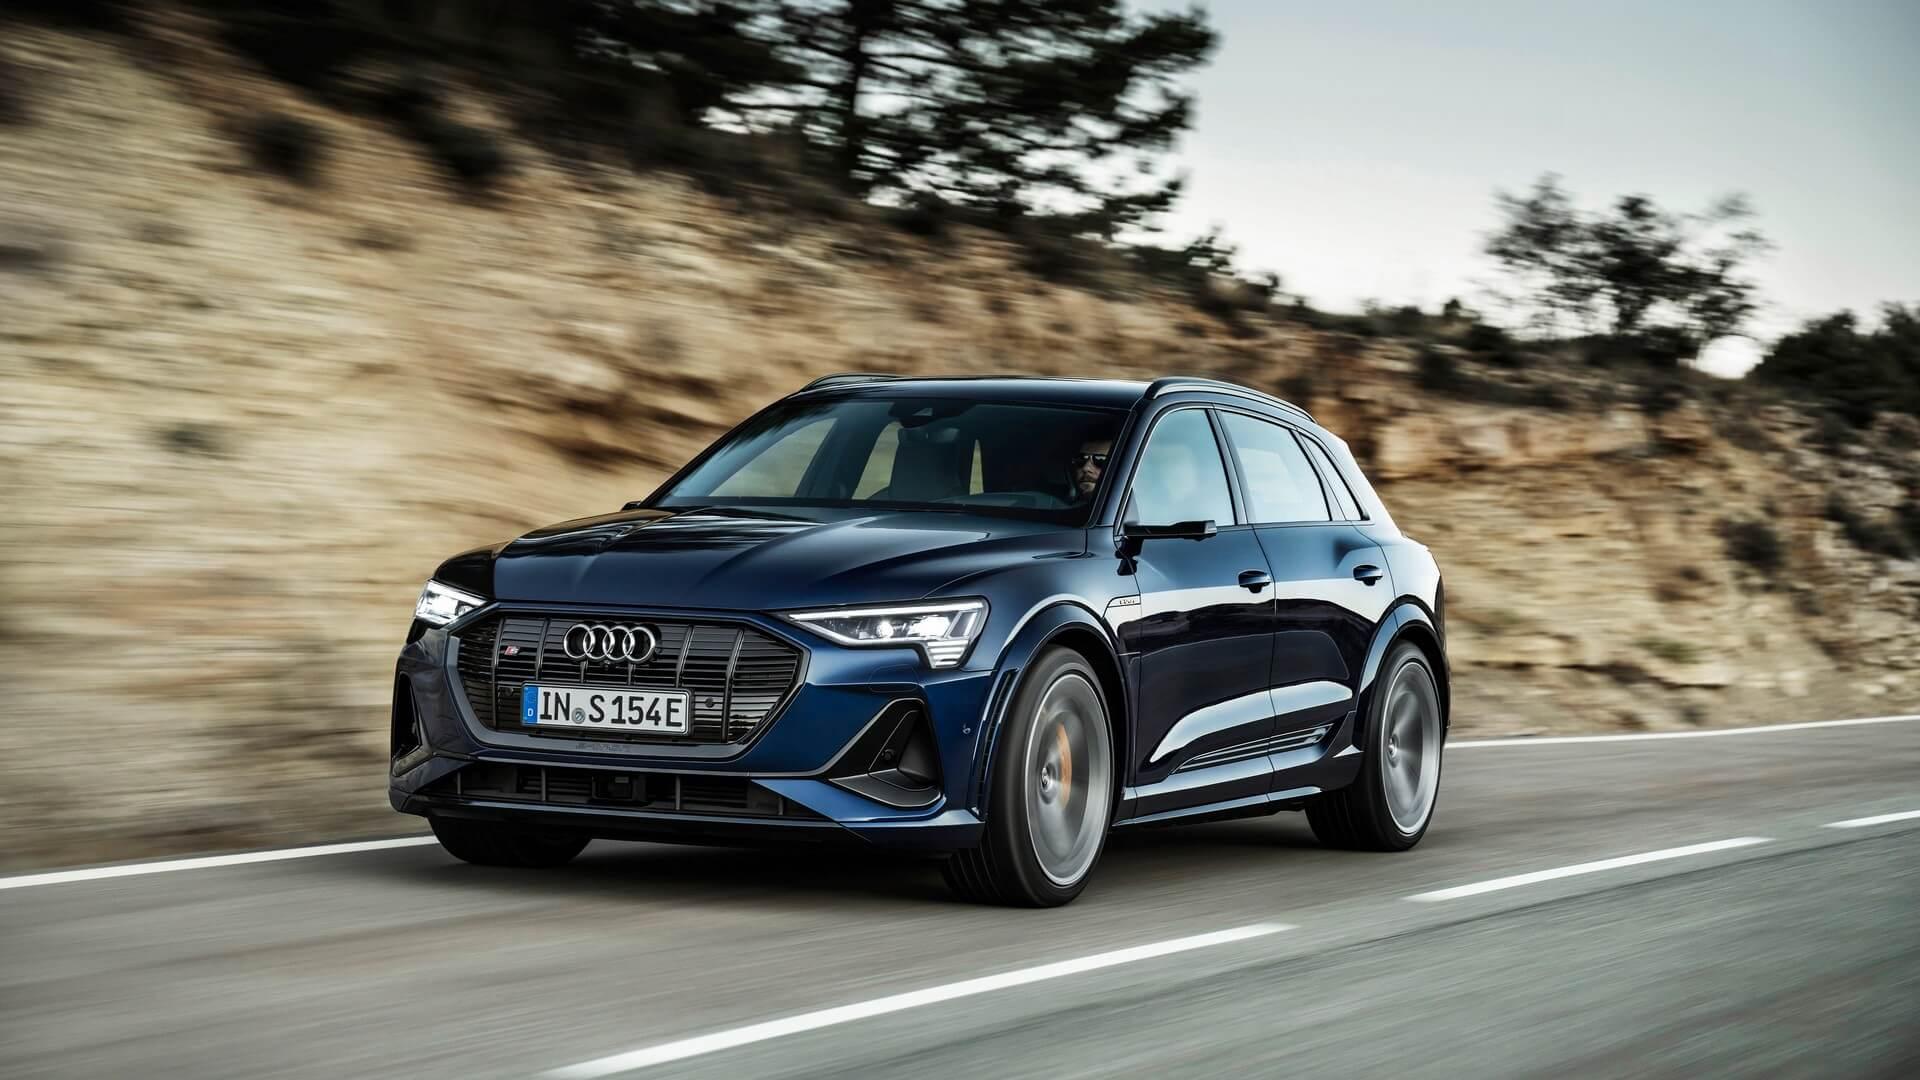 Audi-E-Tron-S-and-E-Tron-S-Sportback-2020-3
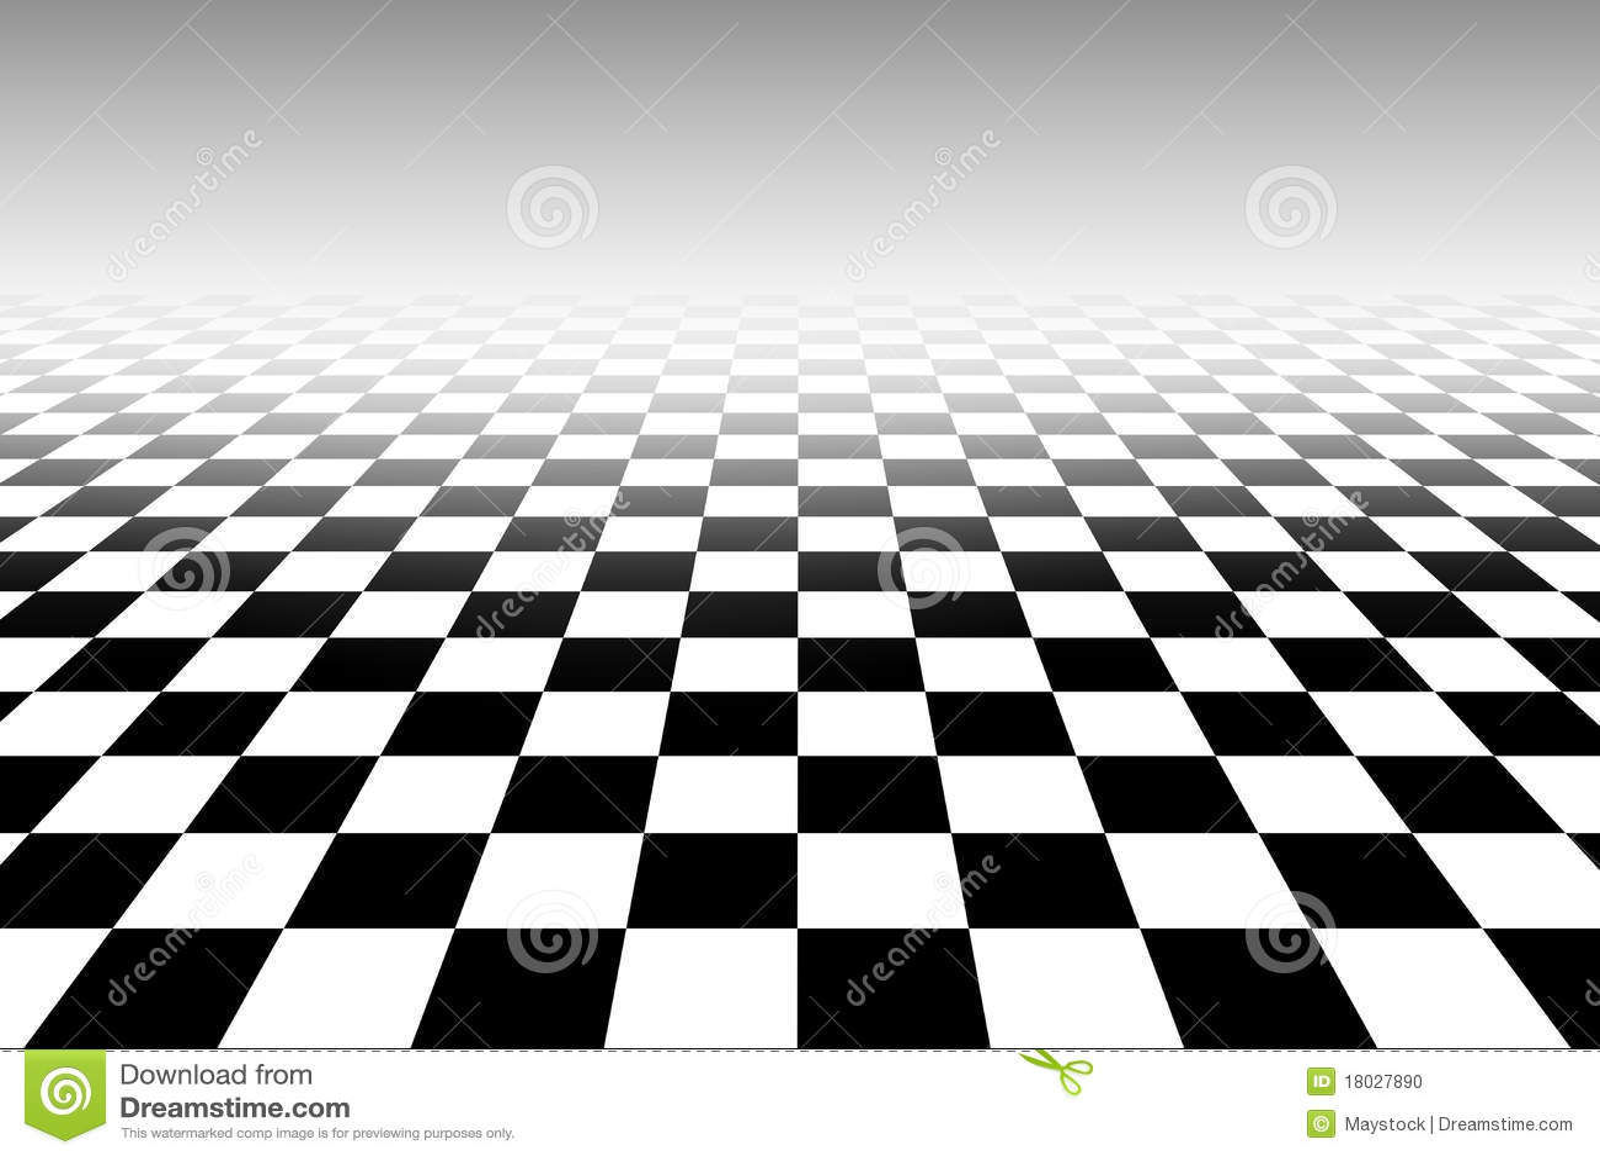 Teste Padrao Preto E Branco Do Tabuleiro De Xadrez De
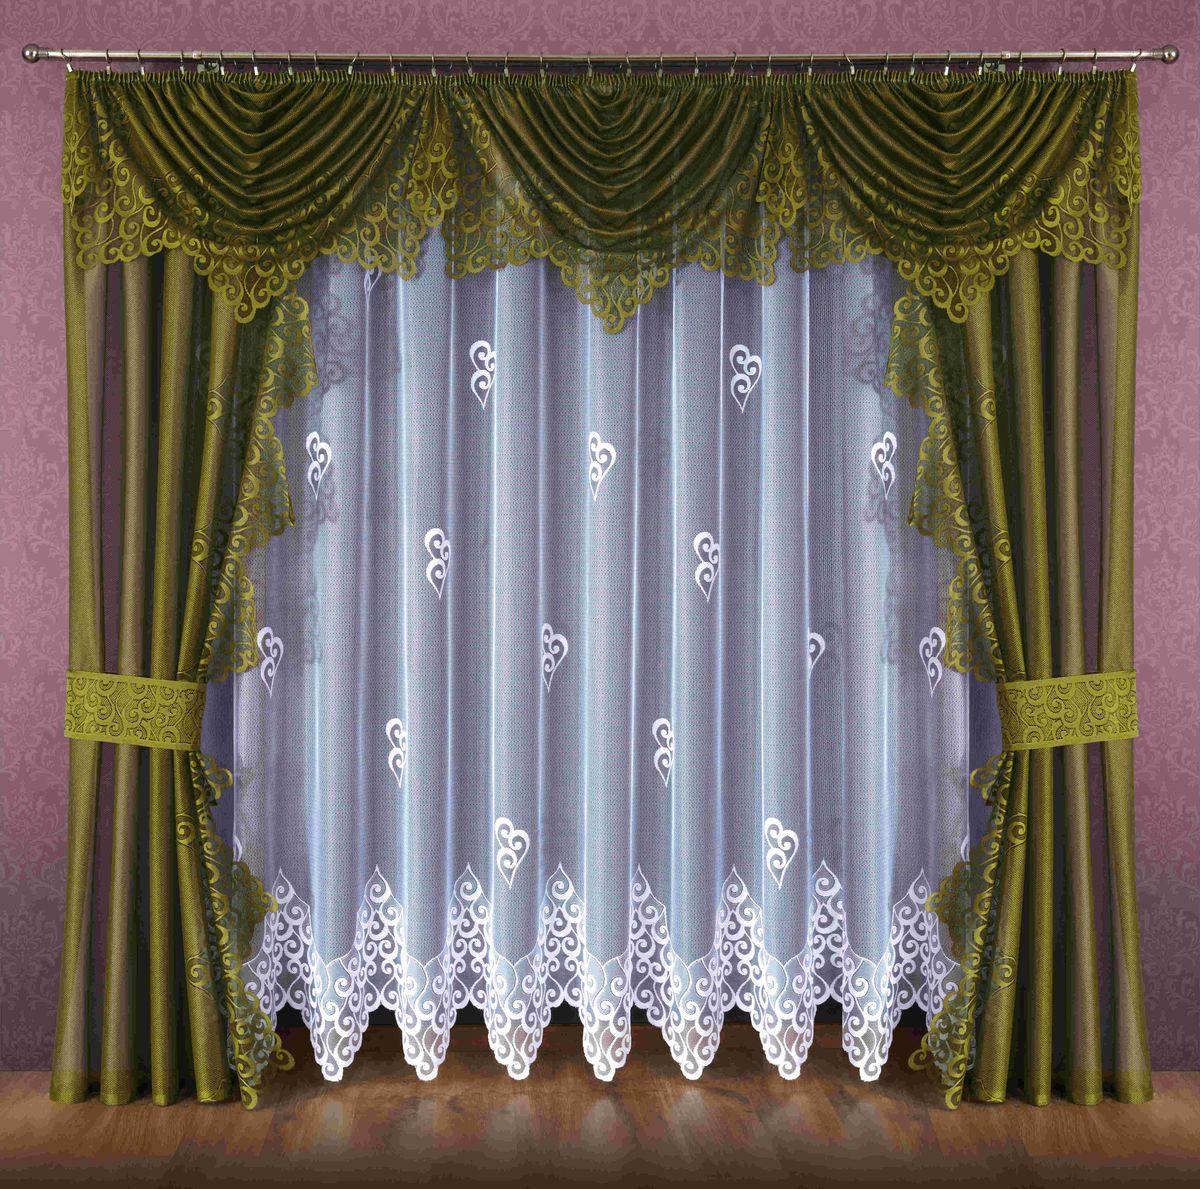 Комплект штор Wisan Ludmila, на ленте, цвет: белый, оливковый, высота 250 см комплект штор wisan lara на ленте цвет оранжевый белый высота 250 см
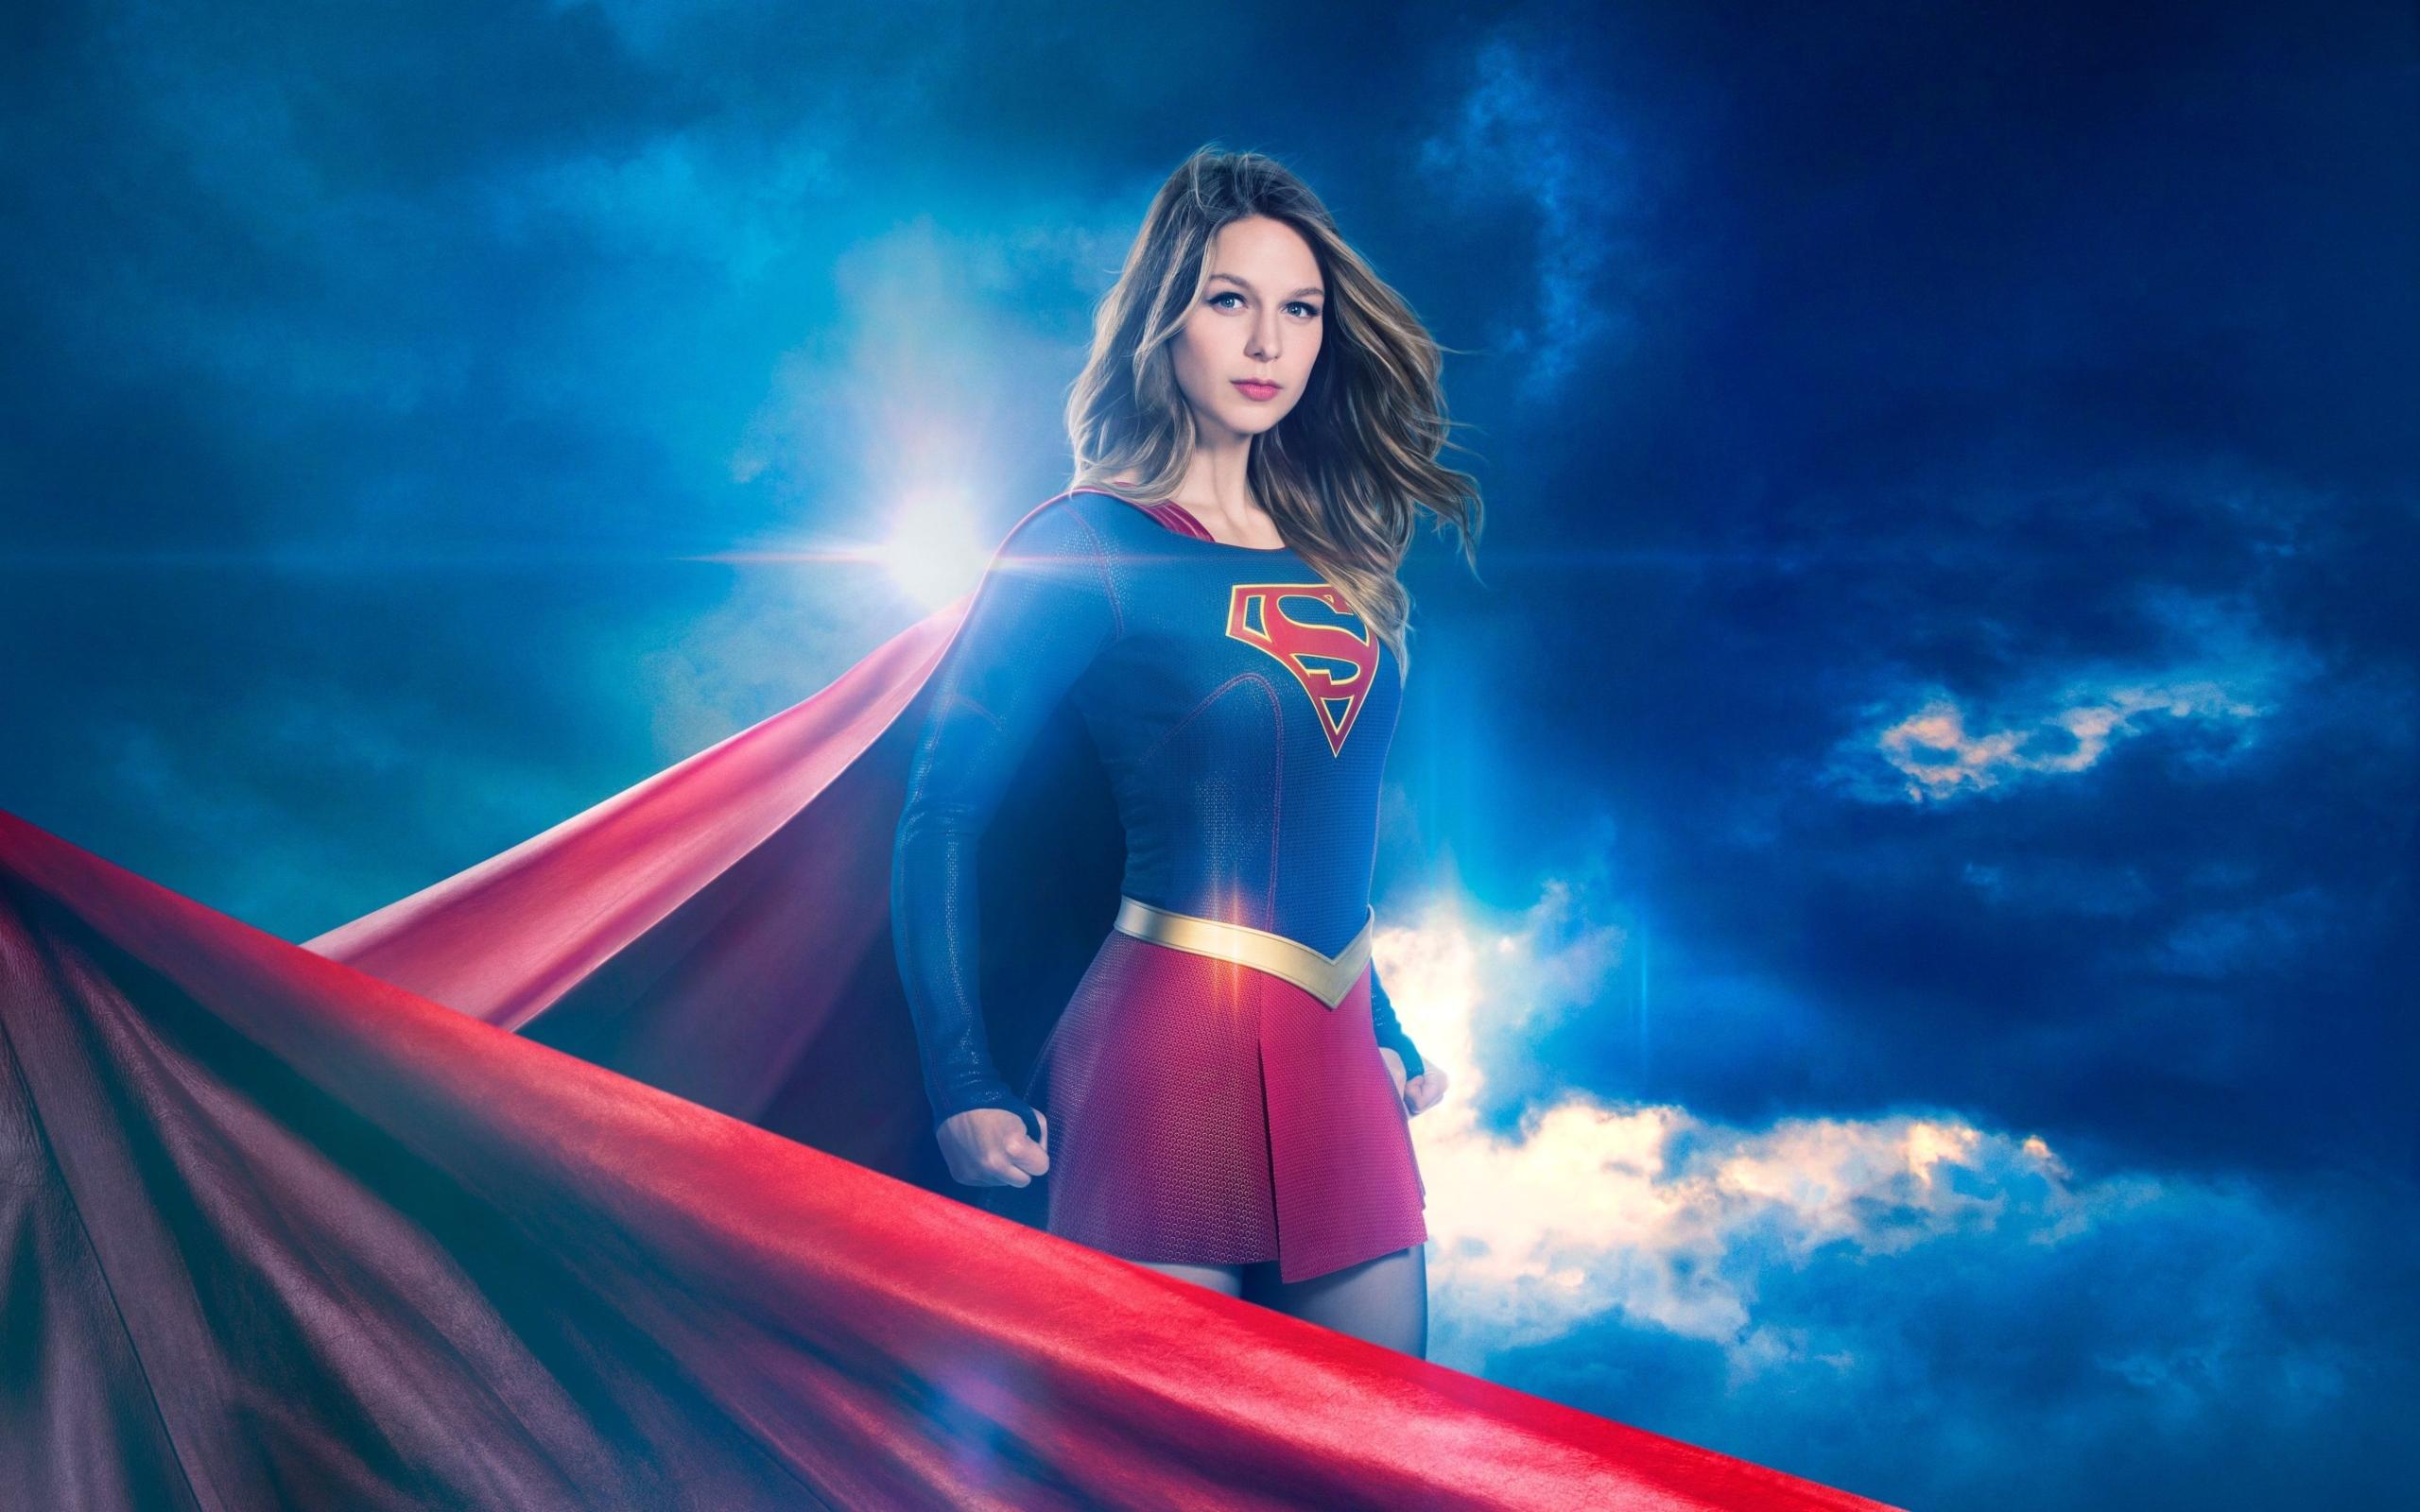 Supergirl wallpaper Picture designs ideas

Task brief:
All of the material shown above needs to be duplicated exactly. Omit every picture.

Completed task:
 Audi-E-Tron-S-and-E-Tron-S-Sportback-2020-3
 Teste Padrao Preto E Branco Do Tabuleiro De Xadrez De
 Комплект штор Wisan Ludmila, на ленте, цвет: белый, оливковый, высота 250 см комплект штор wisan lara на ленте цвет оранжевый белый высота 250 см
 Supergirl wallpaper Picture designs ideas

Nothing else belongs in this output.